- Catcher
- Born: July 8, 1883 Dayton, Ohio, U.S.
- Died: September 18, 1945 (aged 62) Dayton, Ohio, U.S.
- Batted: RightThrew: Right

MLB debut
- April 18, 1906, for the St. Louis Cardinals

Last MLB appearance
- April 29, 1906, for the St. Louis Cardinals

MLB statistics
- Batting average: .185
- Home runs: 0
- RBI: 2
- Stats at Baseball Reference

Teams
- St. Louis Cardinals (1906);

= Ducky Holmes (catcher) =

American baseball player (1883–1945)

Howard Elbert "Ducky" Holmes (July 8, 1883 – September 18, 1945) was an American catcher in Major League Baseball. He played in 9 games for the 1906 St. Louis Cardinals.

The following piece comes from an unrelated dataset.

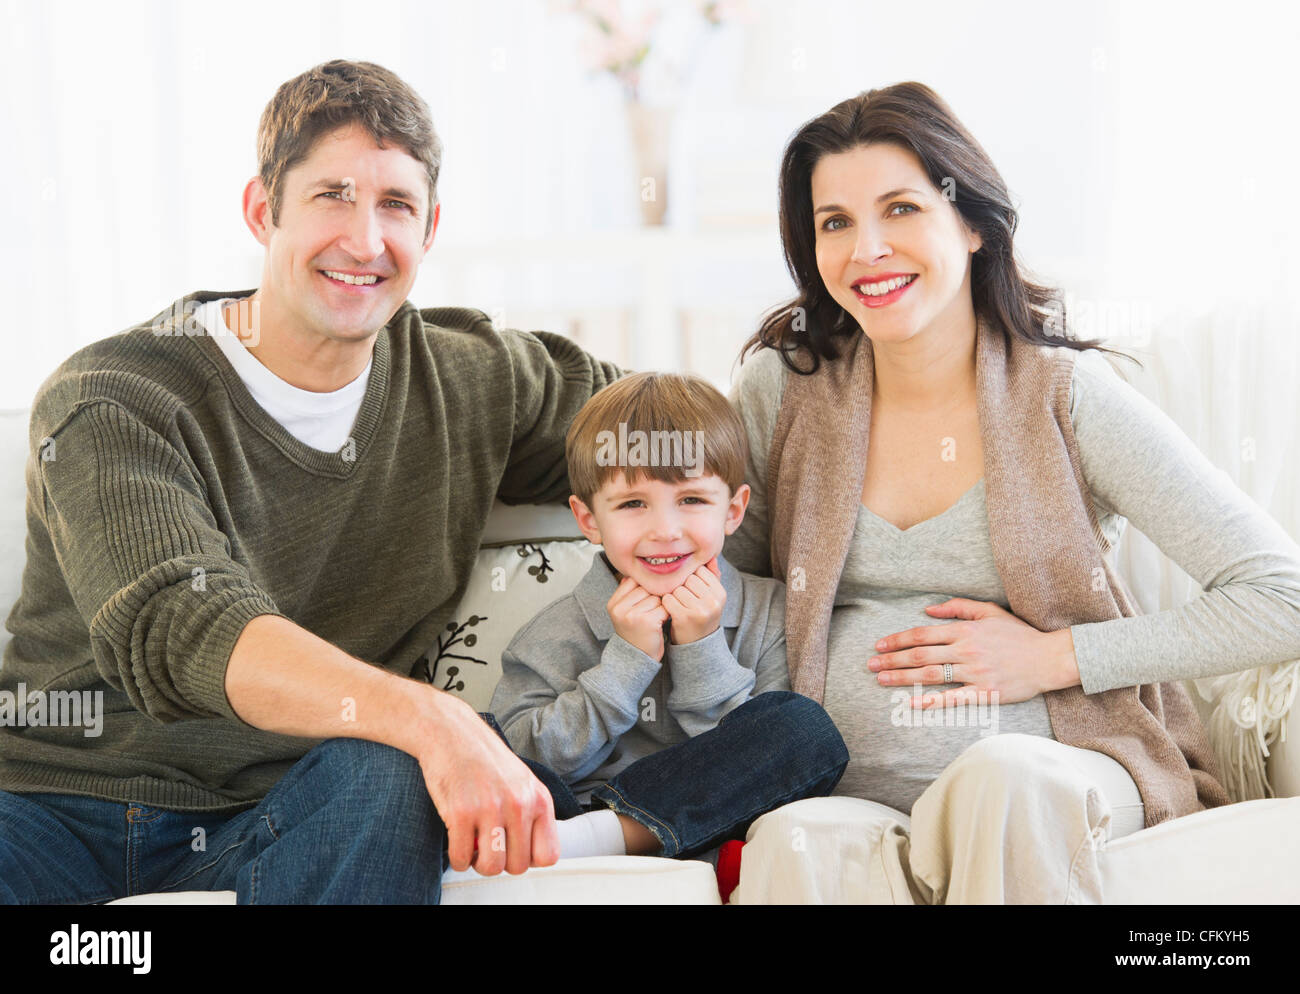 USA, New Jersey, Jersey City, Porträt von Eltern mit Sohn (4-5) auf sofa Stockfoto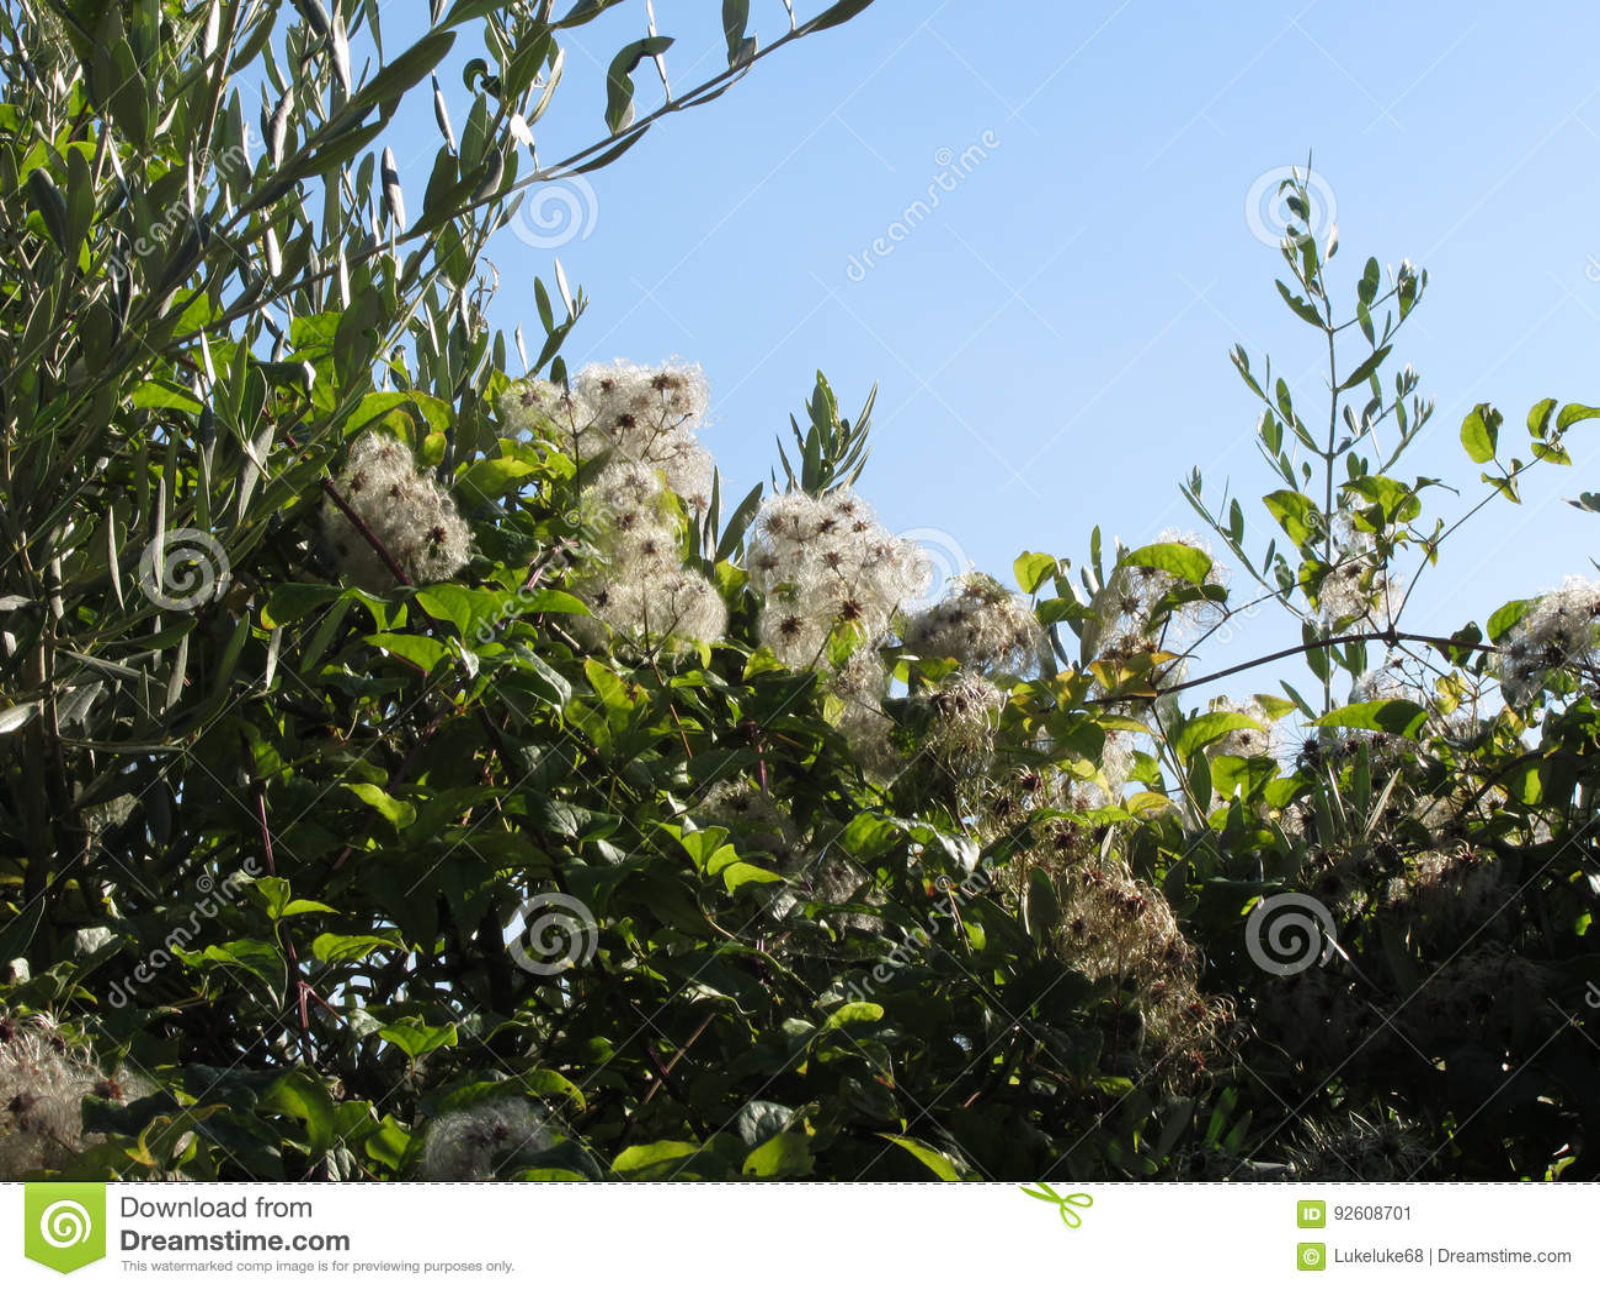 Planta Silvestre Con Las Flores Blancas En El Arbusto Imagen De

After his playing career, he was a manager in the minor leagues for the Sioux City Packers of the Western League (1908), the Saginaw Ducks of the Southern Michigan League (1913–1915), and the Frankfort Old Taylors of the Ohio State League (1916). He also worked as an umpire, both in the National League (1921) and American League (1923–1924). Later, he managed the Dayton Ducks of the Middle Atlantic League (1932–1938, 1941–1942). After the Dayton Ducks folded at the end of the 1942 season, Holmes worked in a grocery store until his death.